Invoice for AMT, R&D, WOTC, etc.

A Menu of Offsets to Consider With must-pass a one-year AMT patch (cost estimate: $55 billion) and a two-year tax extenders bill ($30 billion) coming down the pike in the next month or two in Congress, fiscally responsible members are searching high and low for the roughly $85 billion in offsets needed under PAYGO for these two bills alone. Closing the carried interest tax loophole can probably pay for one but not both of these measures. Some little-noted but timely and resourceful proposals -- all in the Senate Finance Committee hopper right now -- can help raise the rest of the revenue needed for PAYGO compliance. Three of the most promising of these are summarized below:
  • S. 681: The Stop Tax Haven Abuse Act Tax cheats make it harder to maintain America's highways, protect our borders, advance medical research, and inspect our food. They make it difficult to give needed tax relief to small businesses and middle-income victims of the alternative minimum tax. S. 681 would strengthen federal regulators' ability to combat offshore tax haven and tax shelter abuses via a set of practical enforcement tools that would begin to reduce the $100 billion offshore tax gap that forces honest taxpayers to shoulder a greater tax burden than they would otherwise have to bear. Estimated savings to taxpayers: $5 billion a year.
  • S. 1124: The Tax Lien Simplification Act Outdated federal tax lien laws and procedures force the IRS to waste taxpayer dollars on an old-fashioned, inefficient, and burdensome paper tax lien filing system that should be replaced by a modernized electronic filing system capable of operating at a fraction of the cost. S.1124 -- which has bipartican support -- would bring the federal tax lien system into the 21st century. Currently, the IRS service center staff is charged with filing tax liens nationwide and complying with the myriad filing rules in effect in the 4,100 recording offices across the country. Amending the law to streamline the tax lien filing system, moving it from a paper-based to an electronic-based system, would not only advance the more efficient, cost-effective tax system we all want, it would also save $570 million in taxpayer money over ten years.

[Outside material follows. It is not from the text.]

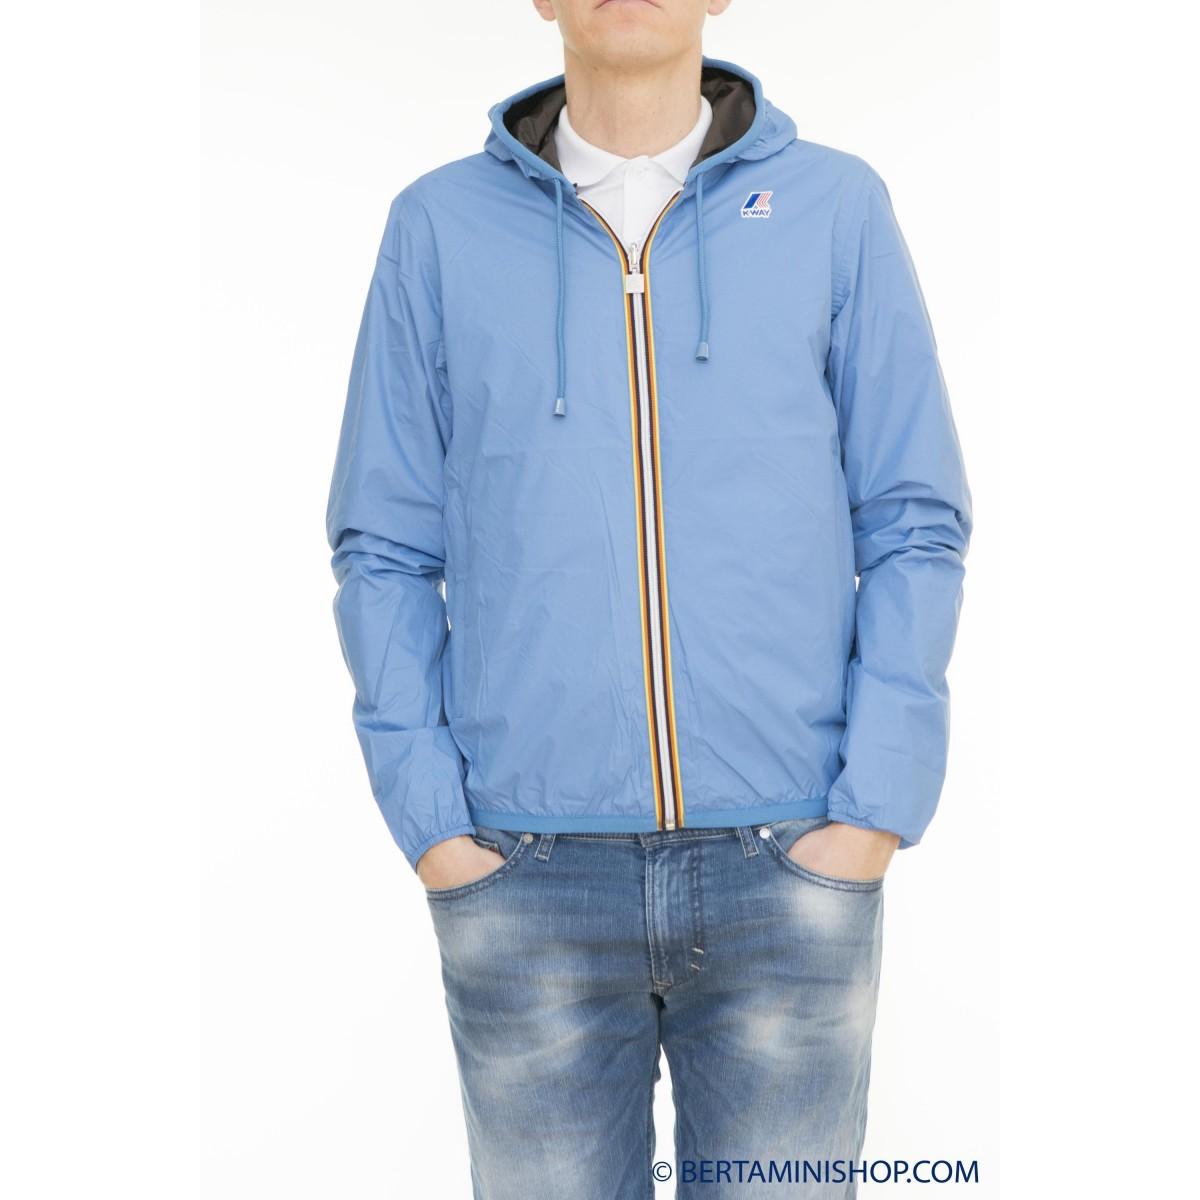 Sports Jacket K-Way Man - Jacques Plus Double K002XP0 937 - Parisian Coffe

  • S. 2116: The Ending Corporate Tax Favors for Stock Options Act Right now, U.S. accounting rules require companies to report their stock option expenses one way on the corporate books, while Federal tax rules require them to report them a completely different way on their tax returns. In most cases, the resulting book expense is far smaller than the resulting tax deduction. So, under current U.S. accounting and tax rules, stock option tax deductions often far exceed the stock option expenses recorded by the companies. In 2004, corporations took $43 billion more in deductions on their tax returns for stock option compensation expenses than the stock option expenses actually shown on their financial statements for the same year. This disparity enabled corporations, as a whole, to reduce their taxes for the year by $10, perhaps as much as $15, billion.